# Description of the task
Write out the listing from the line with "Fuck Matcha T-Shirt Size XL Color Forest" to the line with "A warthog (Phacochoerus", both lines included, exactly and nothing beyond. Leave pictures out.

# Records supplied
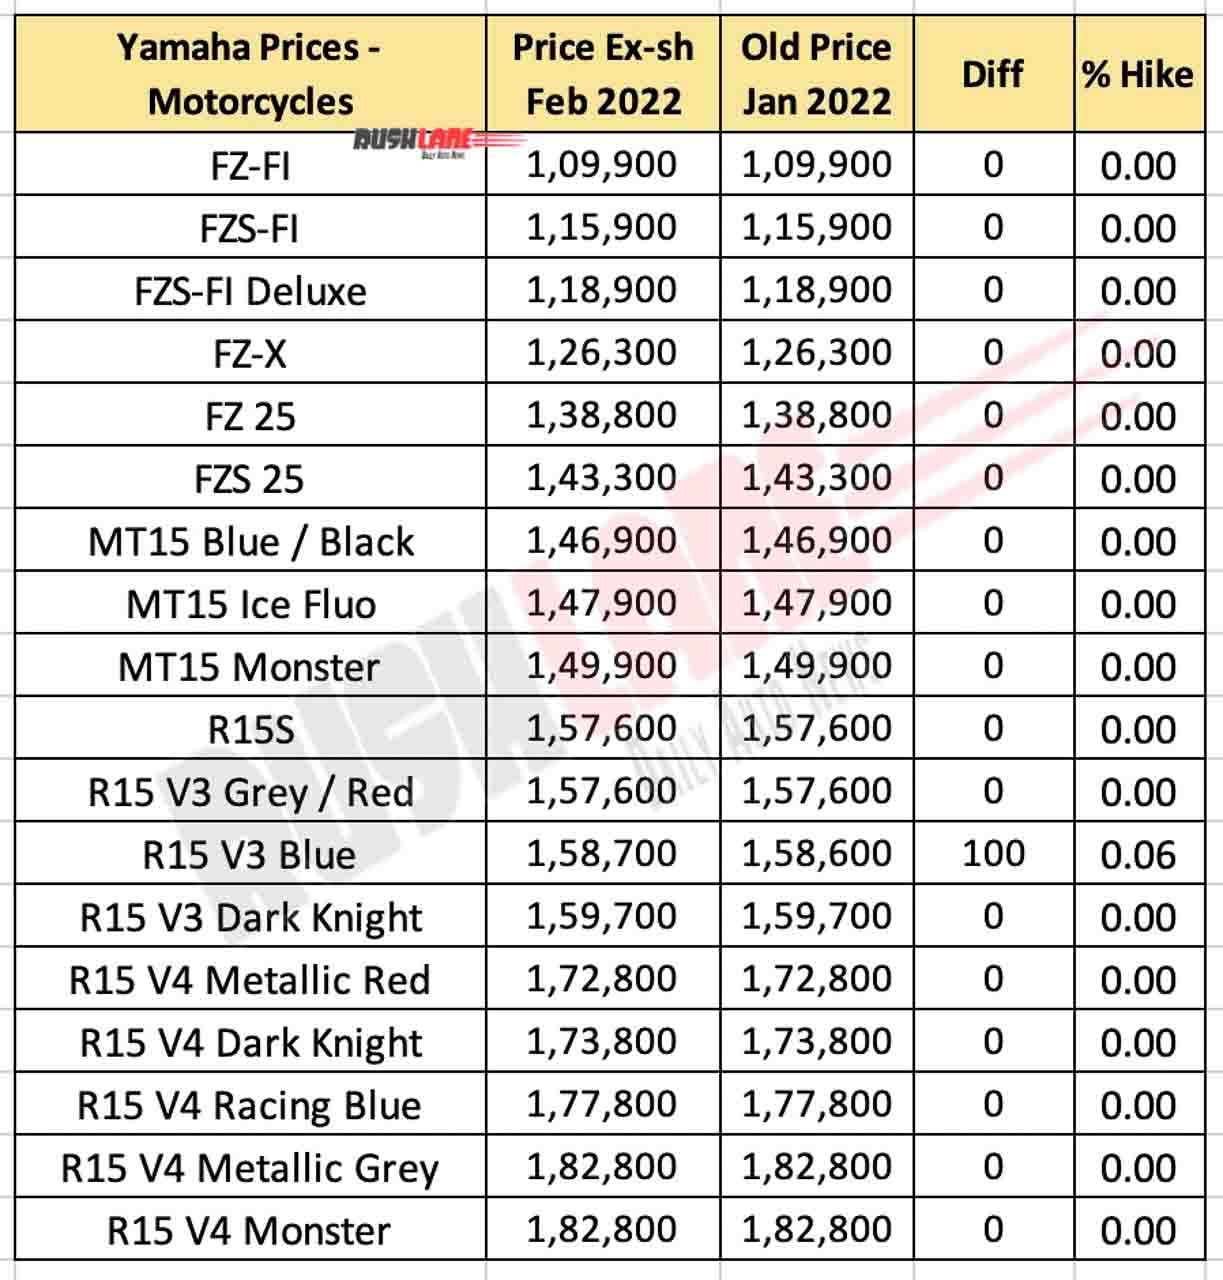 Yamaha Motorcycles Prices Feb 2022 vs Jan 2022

--

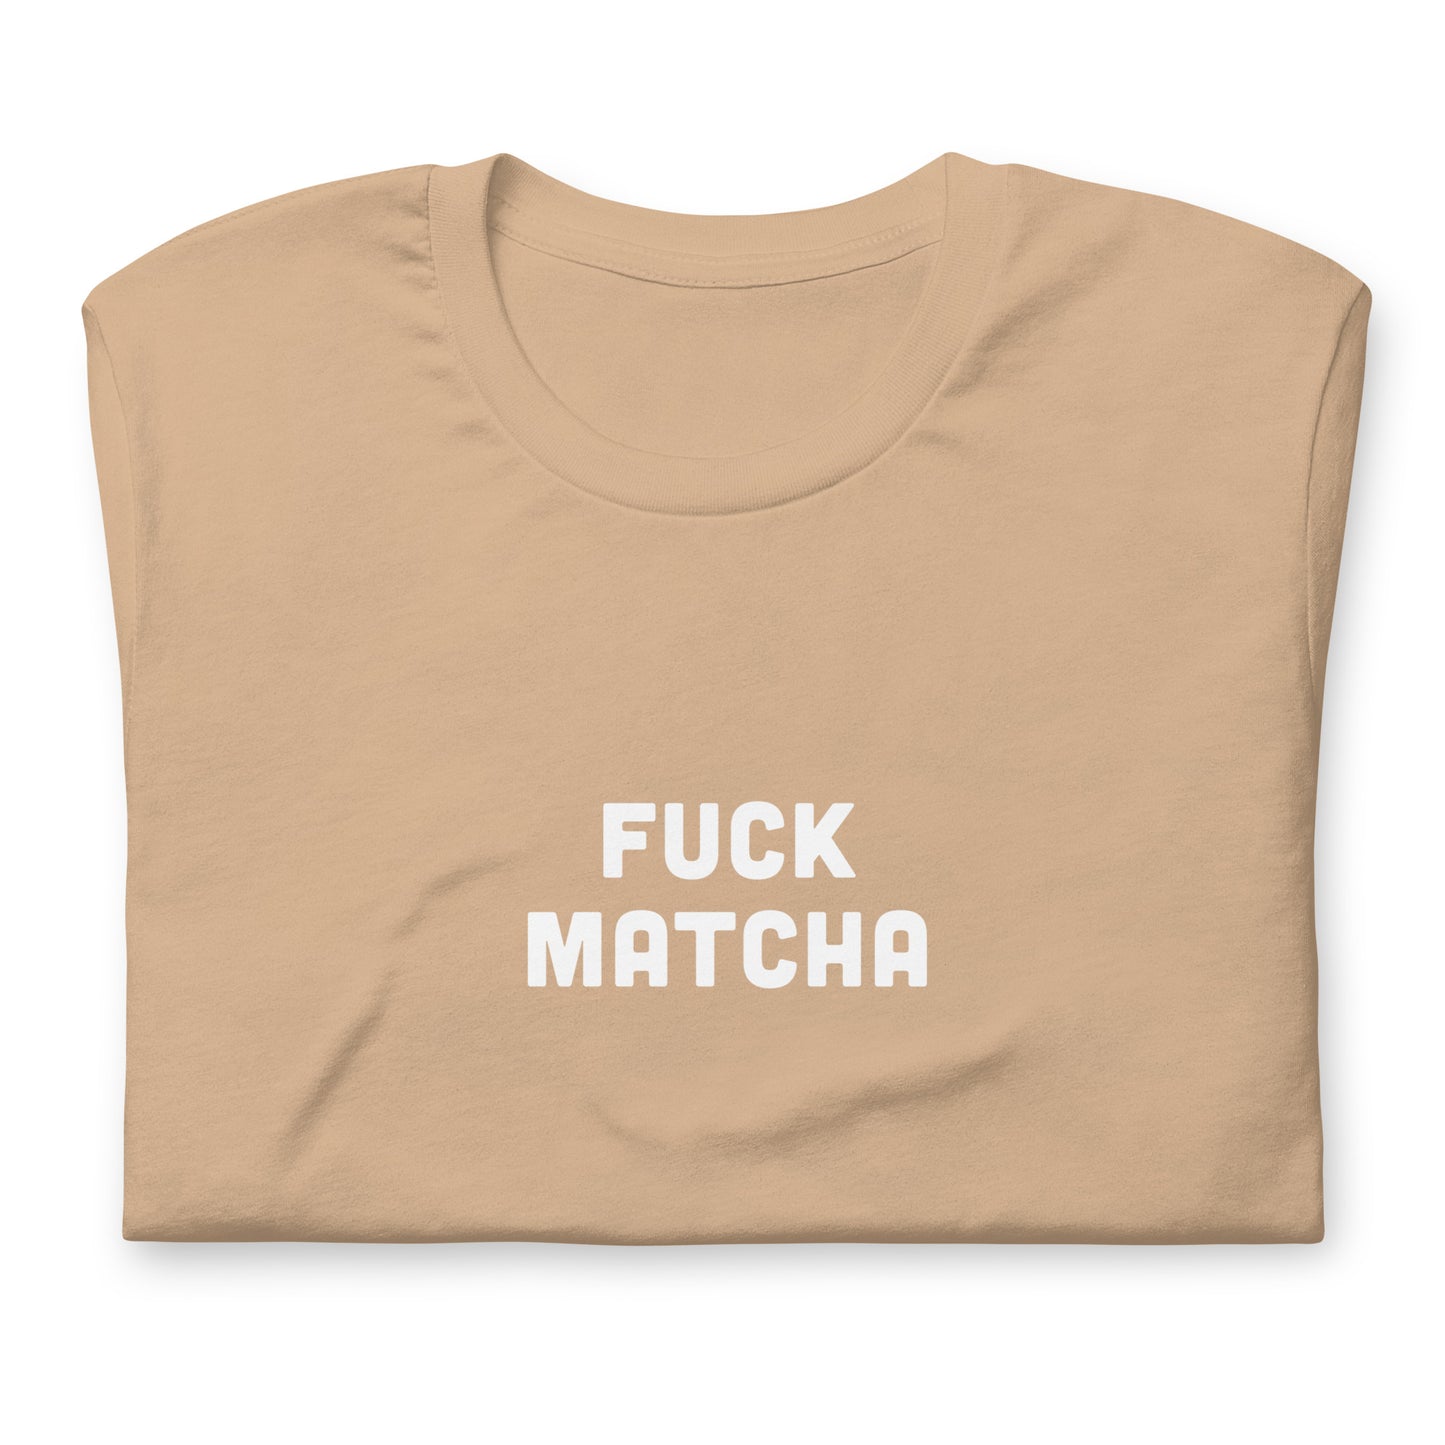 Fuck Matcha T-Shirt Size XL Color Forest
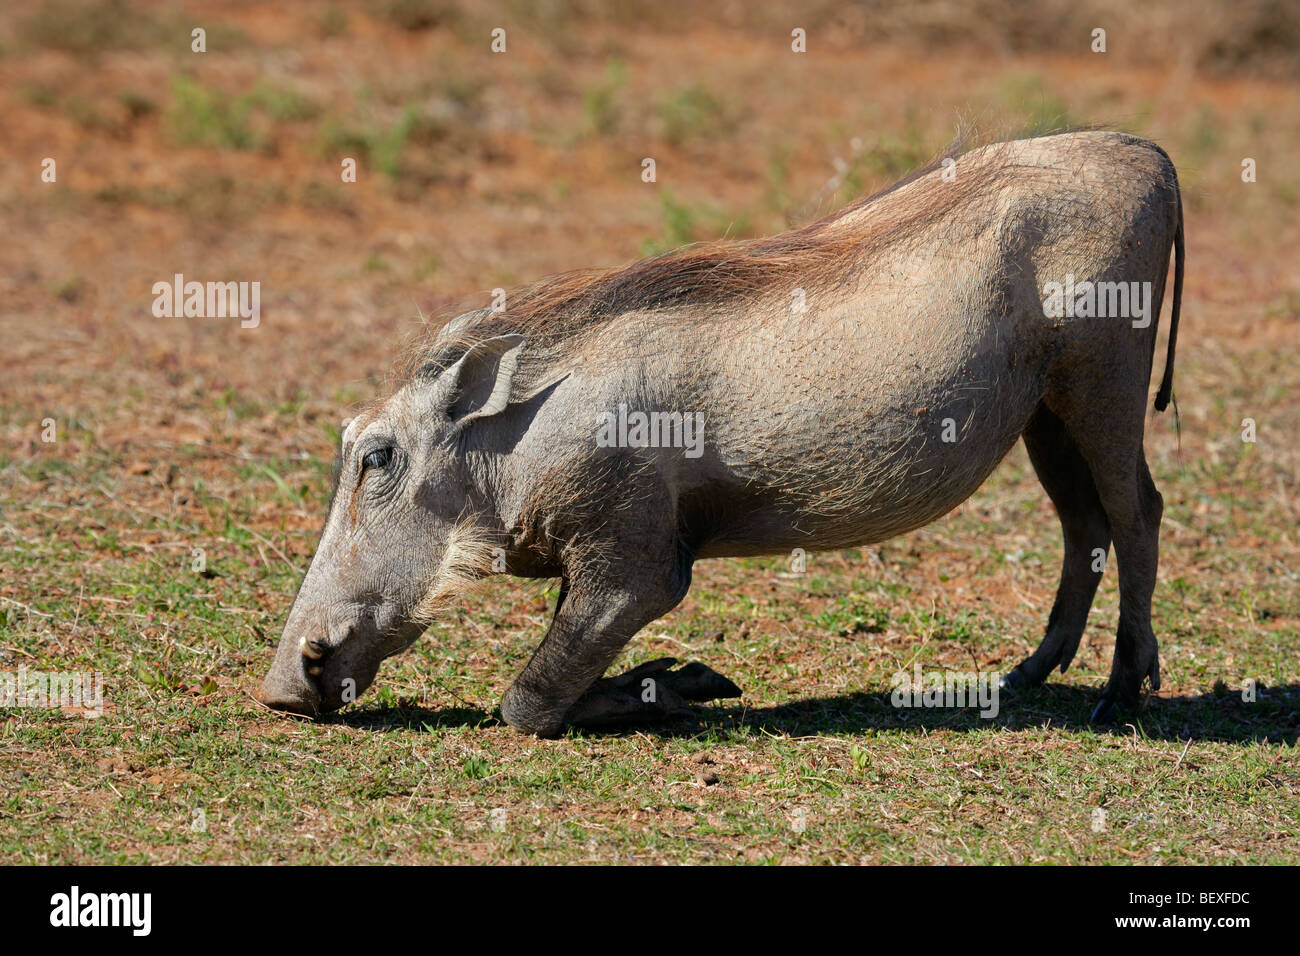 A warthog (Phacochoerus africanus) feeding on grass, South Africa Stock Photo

* * *

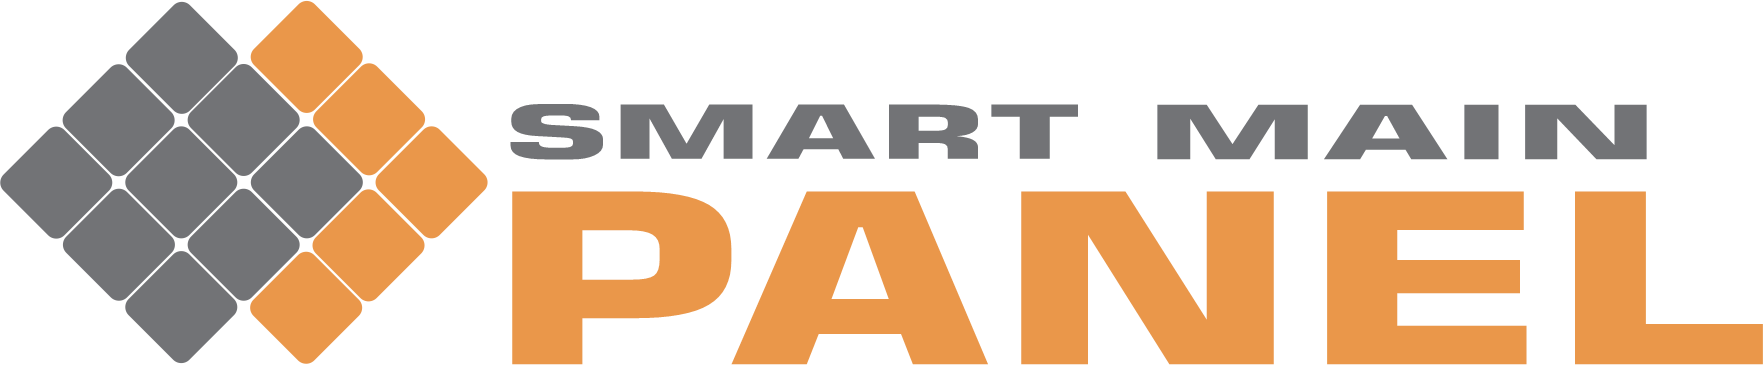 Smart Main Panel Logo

# Result for this exercise
 Fuck Matcha T-Shirt Size XL Color Forest
 A warthog (Phacochoerus africanus) feeding on grass, South Africa Stock Photo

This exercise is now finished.